(Beginning of SUPPLIED INFORMATION)

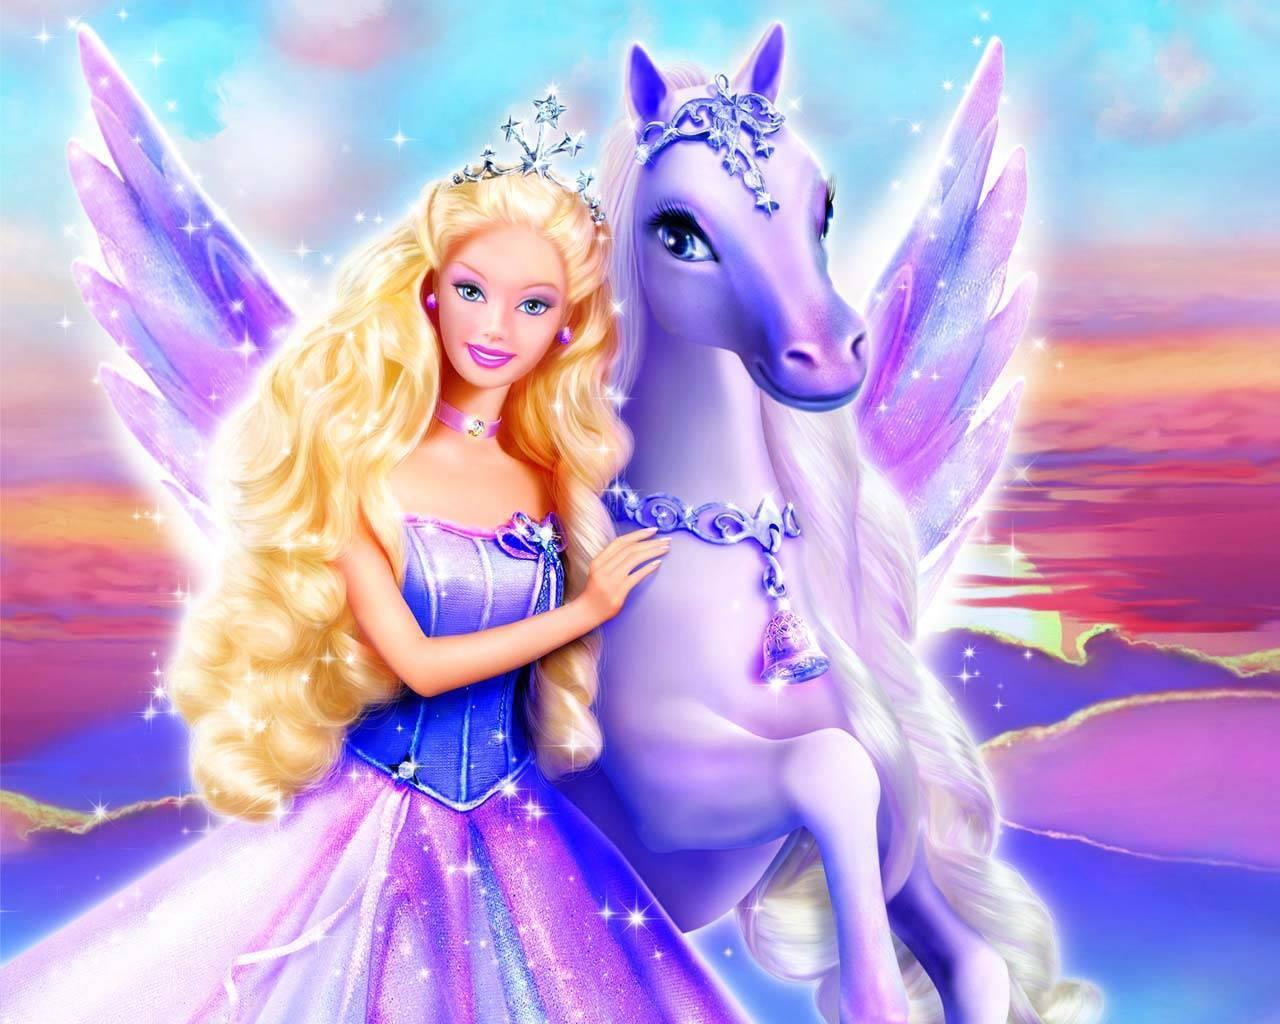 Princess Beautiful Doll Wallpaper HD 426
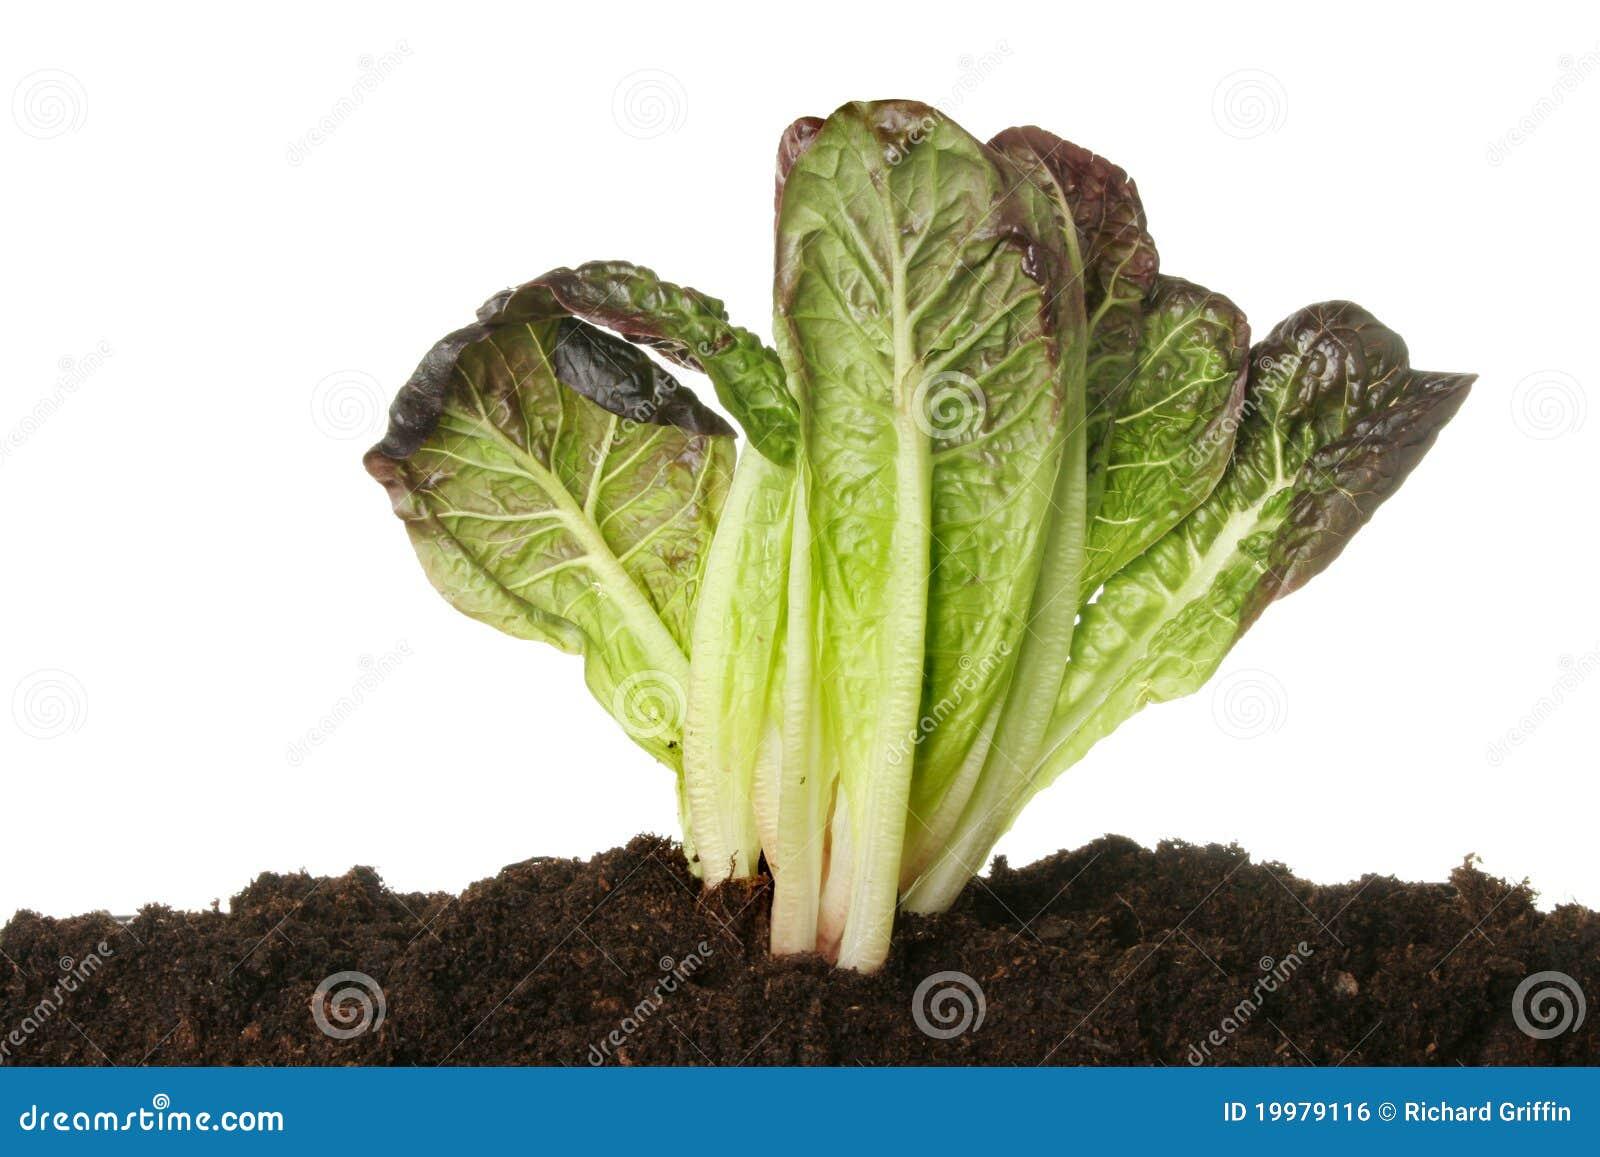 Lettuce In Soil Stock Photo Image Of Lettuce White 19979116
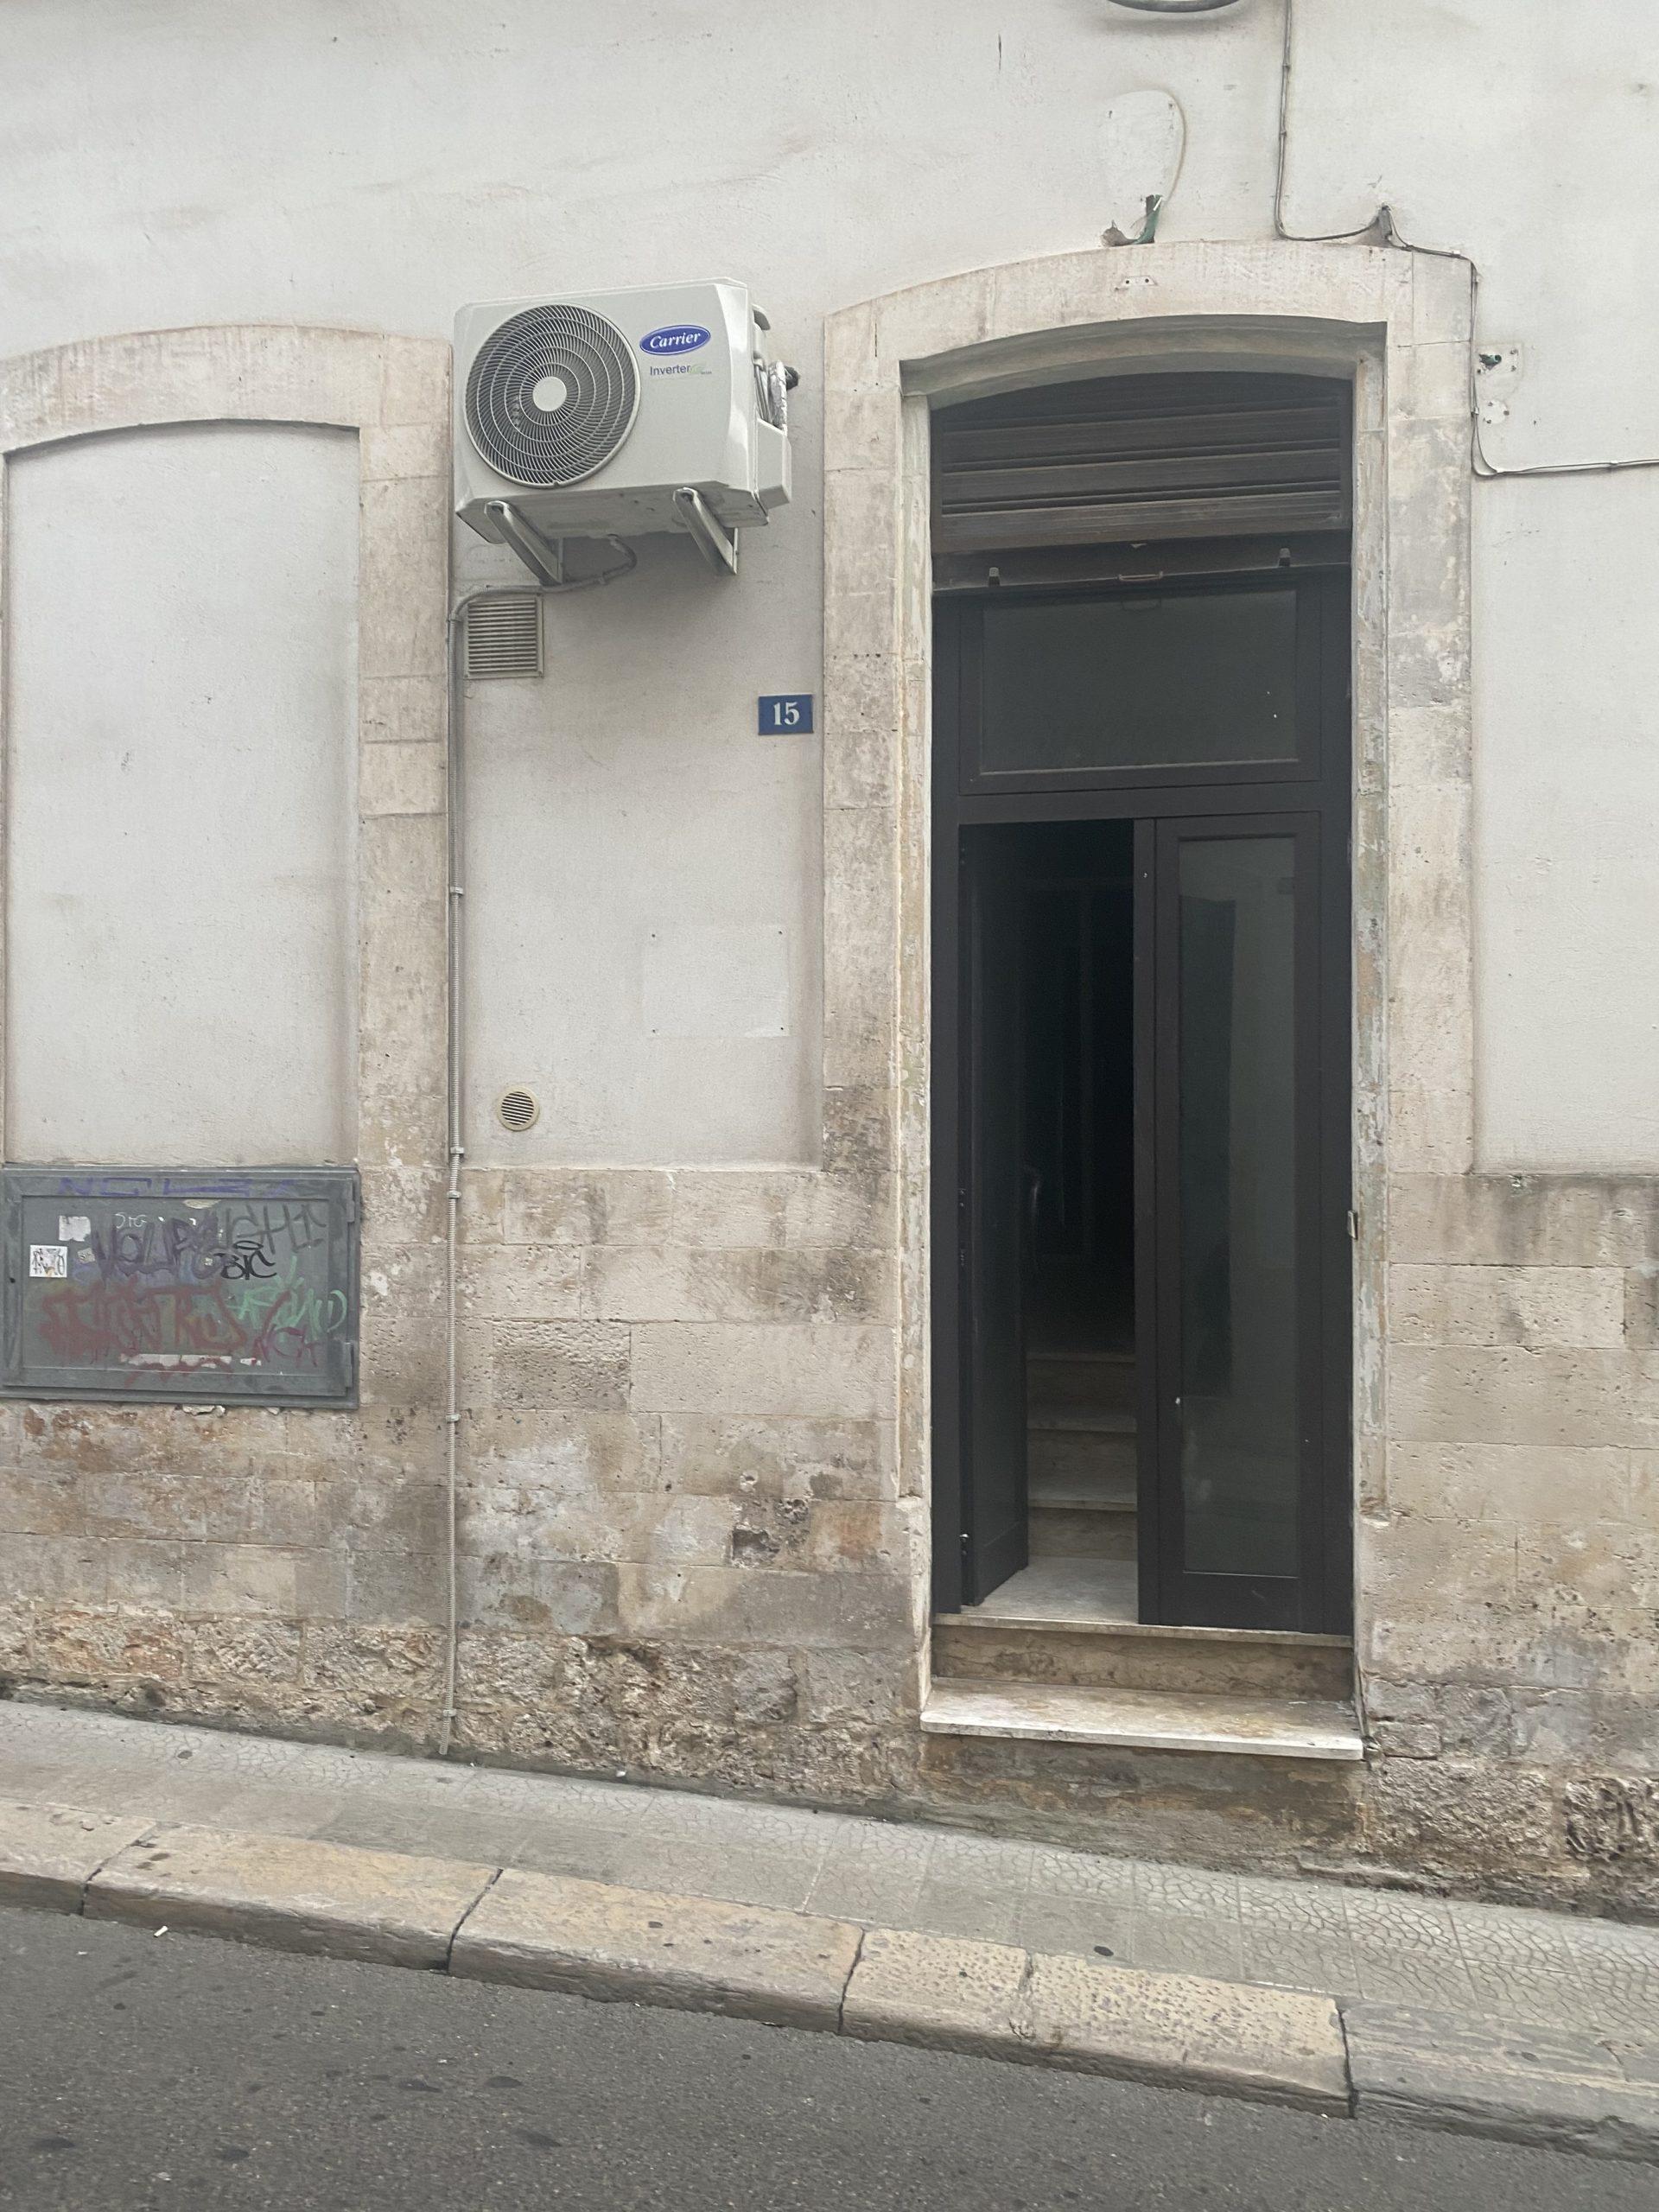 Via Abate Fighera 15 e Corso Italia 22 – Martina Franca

(End of SUPPLIED INFORMATION)

WHAT YOU SHOULD DO — An exact reproduction of the data is needed, with no pictures included.

WORKED SOLUTION —
 Princess Beautiful Doll Wallpaper HD 426
 Lettuce In Soil Stock Photo Image Of Lettuce White 19979116
 Via Abate Fighera 15 e Corso Italia 22 – Martina Franca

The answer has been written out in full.